Exercise goal — Write out the listing below exactly, and omit any images you find in it.
--- Data segment ---
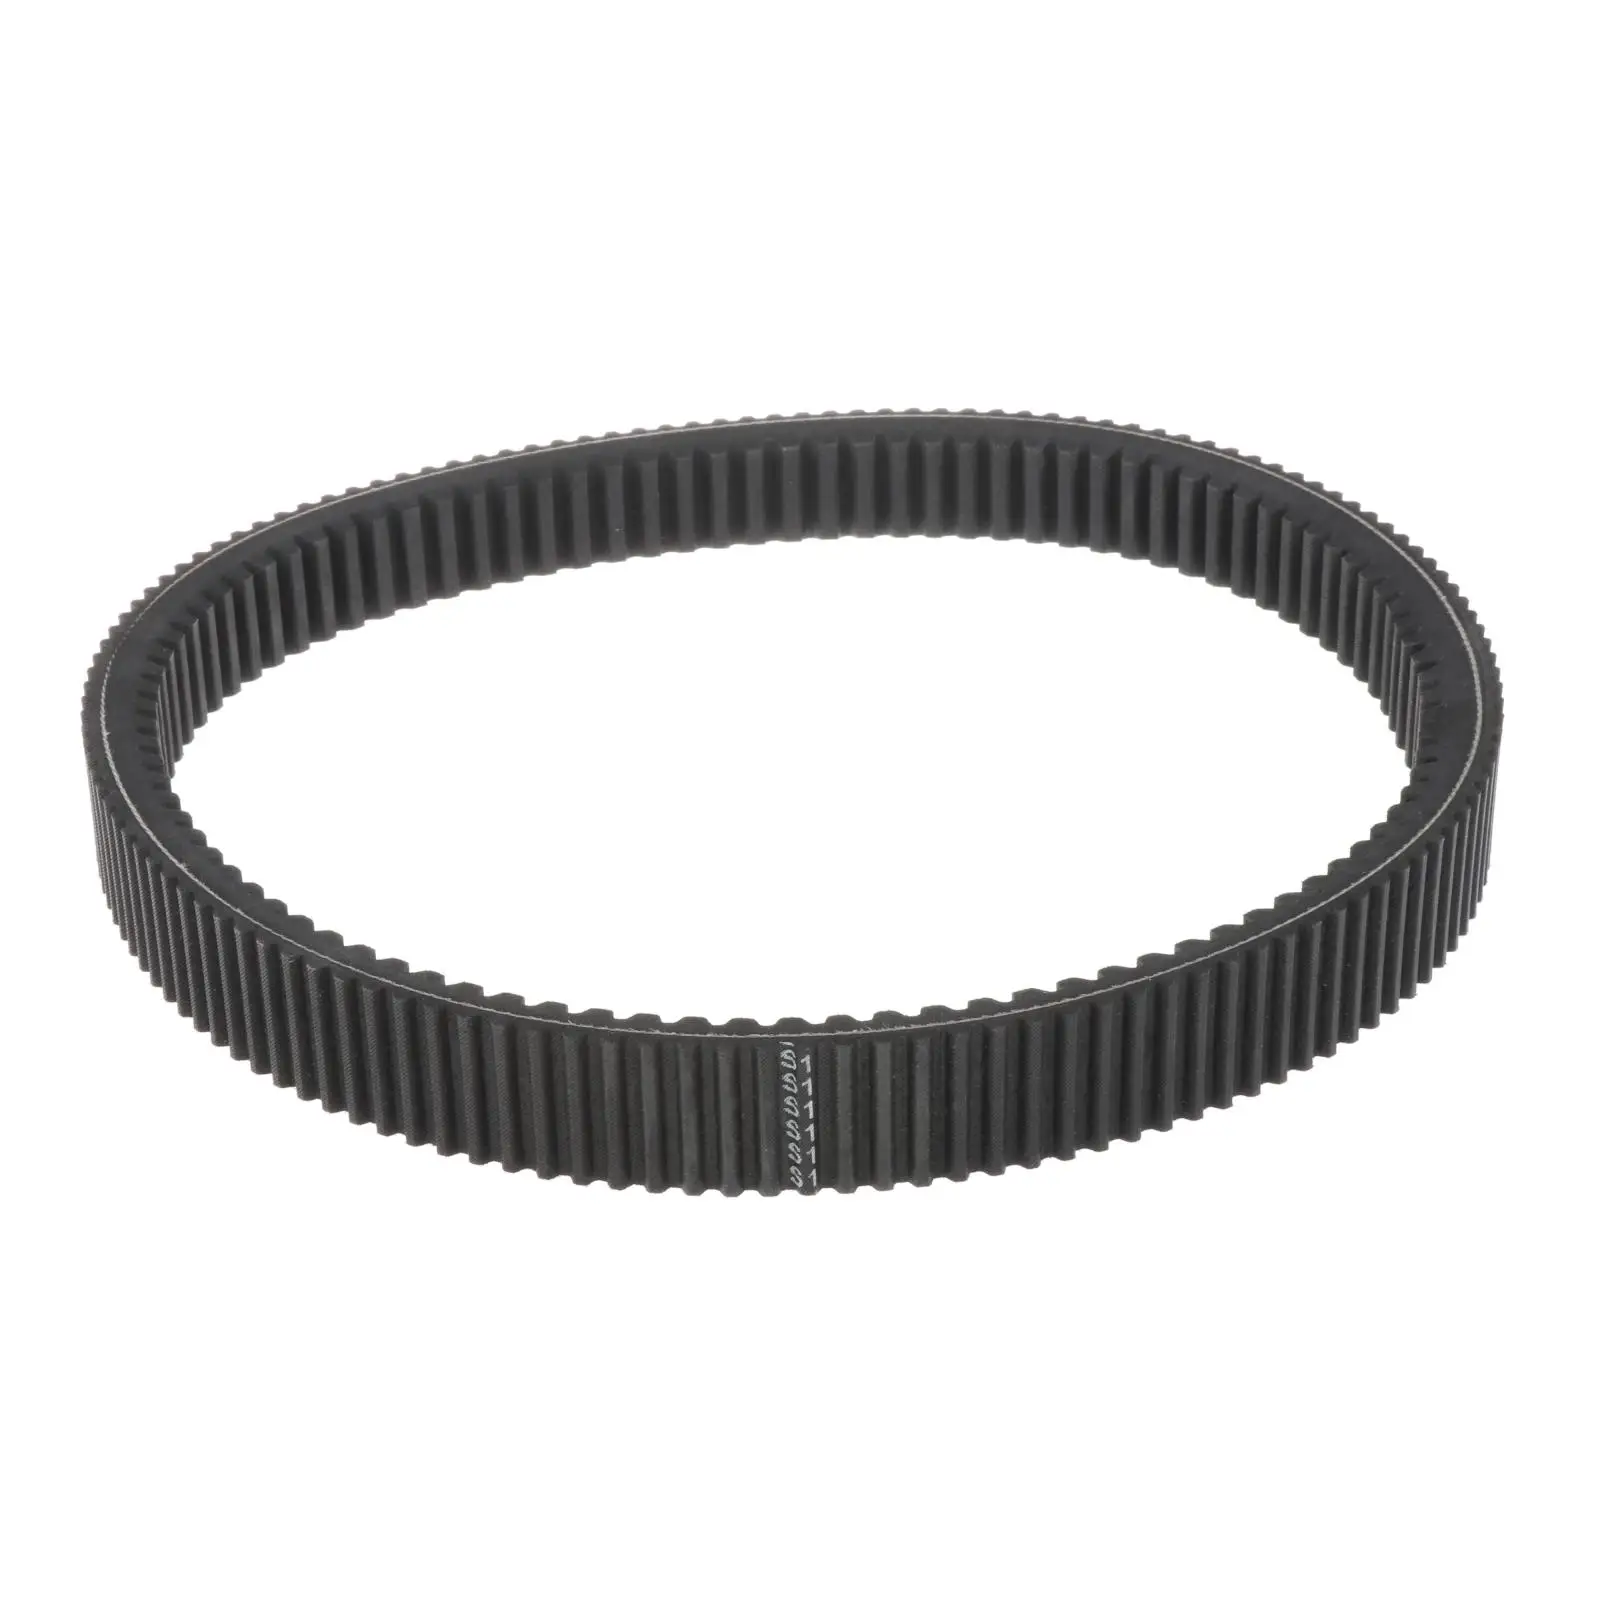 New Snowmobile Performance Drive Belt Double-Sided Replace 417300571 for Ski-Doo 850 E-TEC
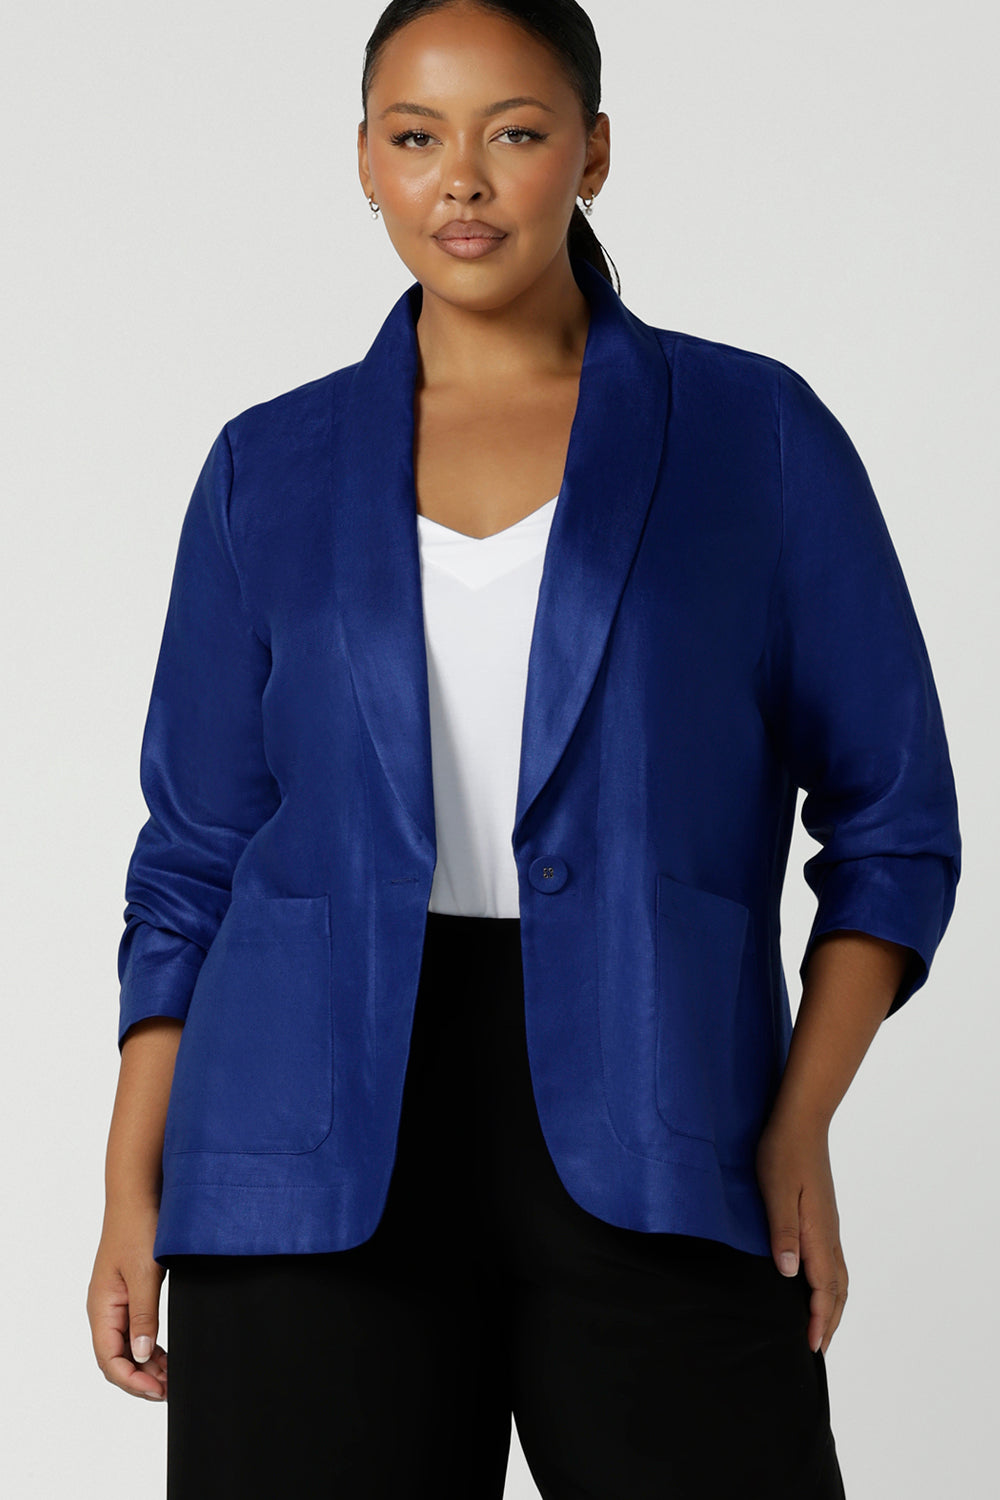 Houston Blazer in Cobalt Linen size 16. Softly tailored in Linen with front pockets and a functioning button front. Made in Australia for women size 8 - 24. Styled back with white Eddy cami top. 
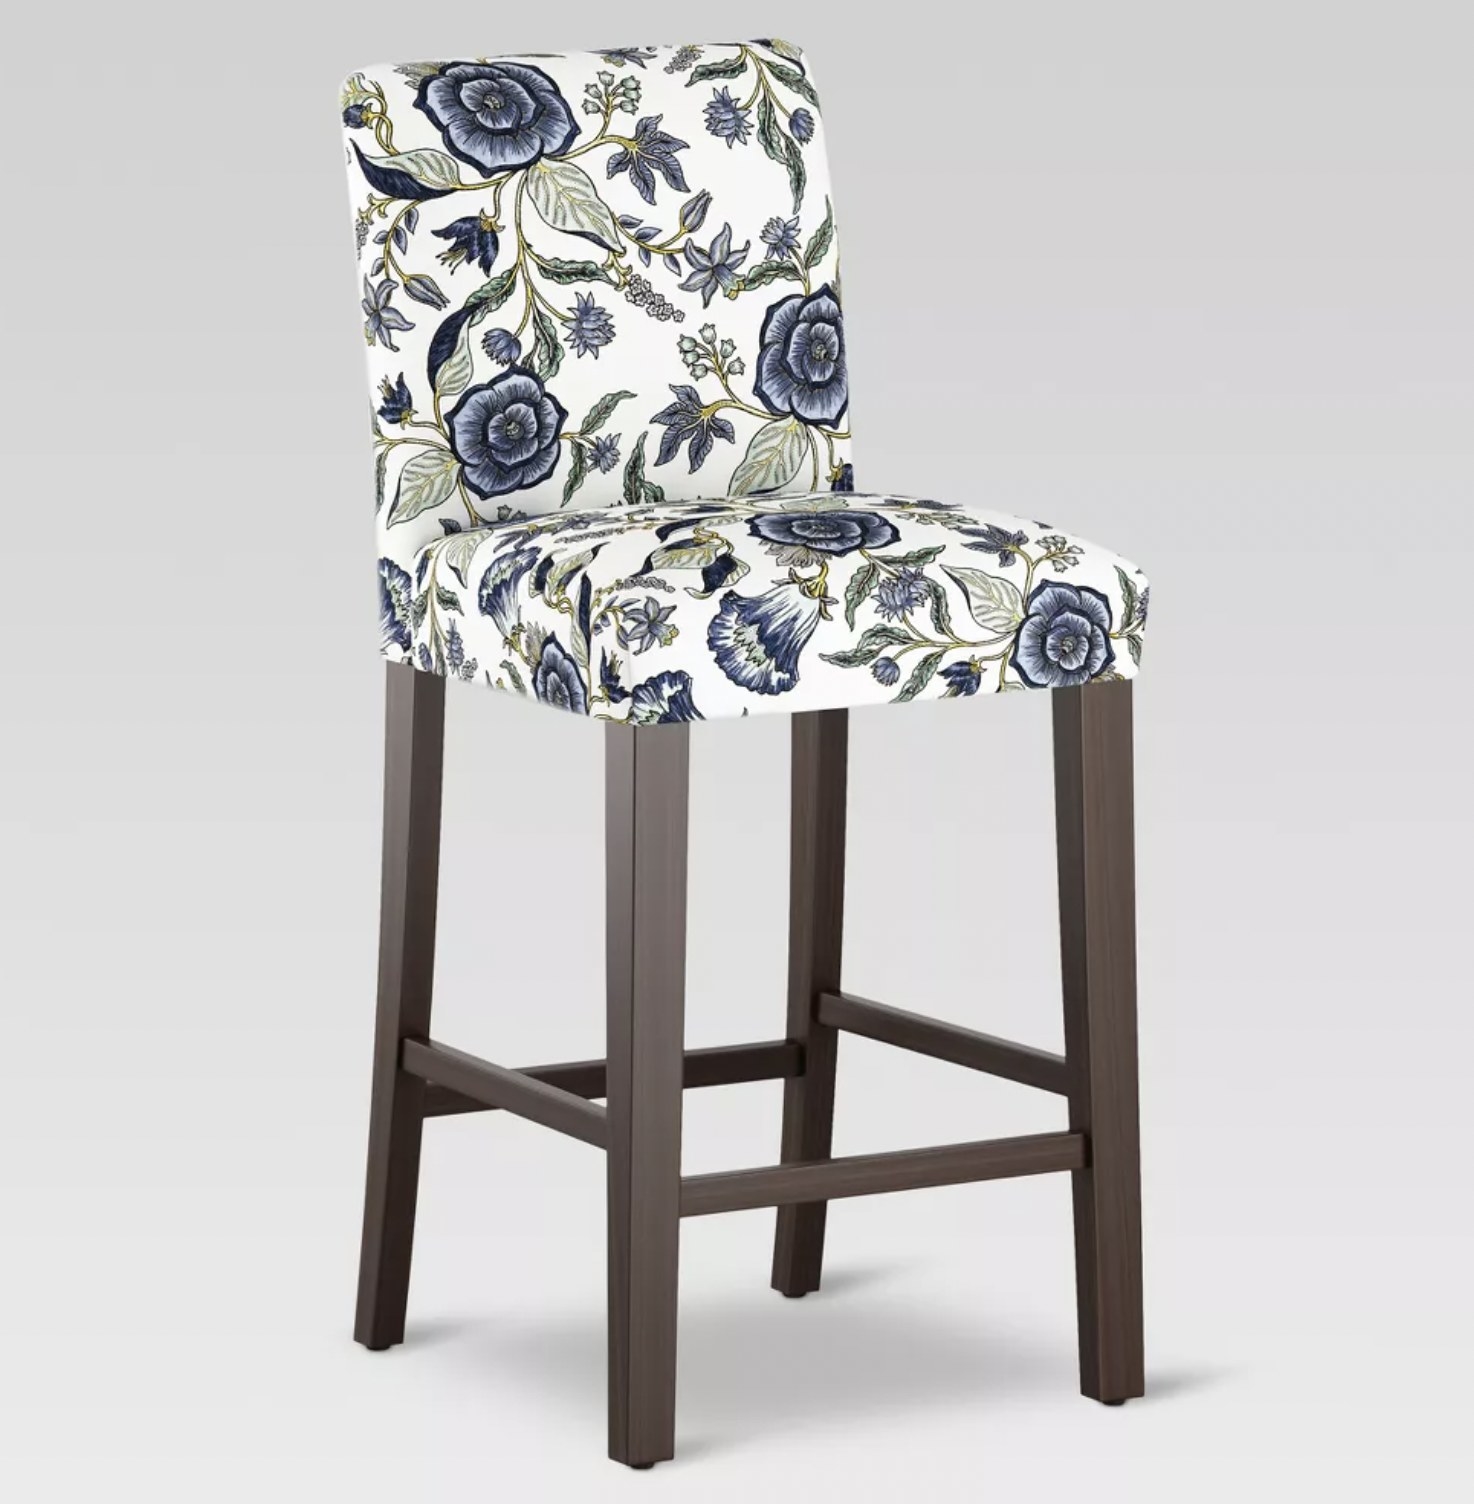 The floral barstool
---
Solution for this exercise —
 New Snowmobile Performance Drive Belt Double-Sided Replace 417300571 for Ski-Doo 850 E-TEC
 Houston Blazer in Cobalt Linen size 16. Softly tailored in Linen with front pockets and a functioning button front. Made in Australia for women size 8 - 24. Styled back with white Eddy cami top. 
 The floral barstool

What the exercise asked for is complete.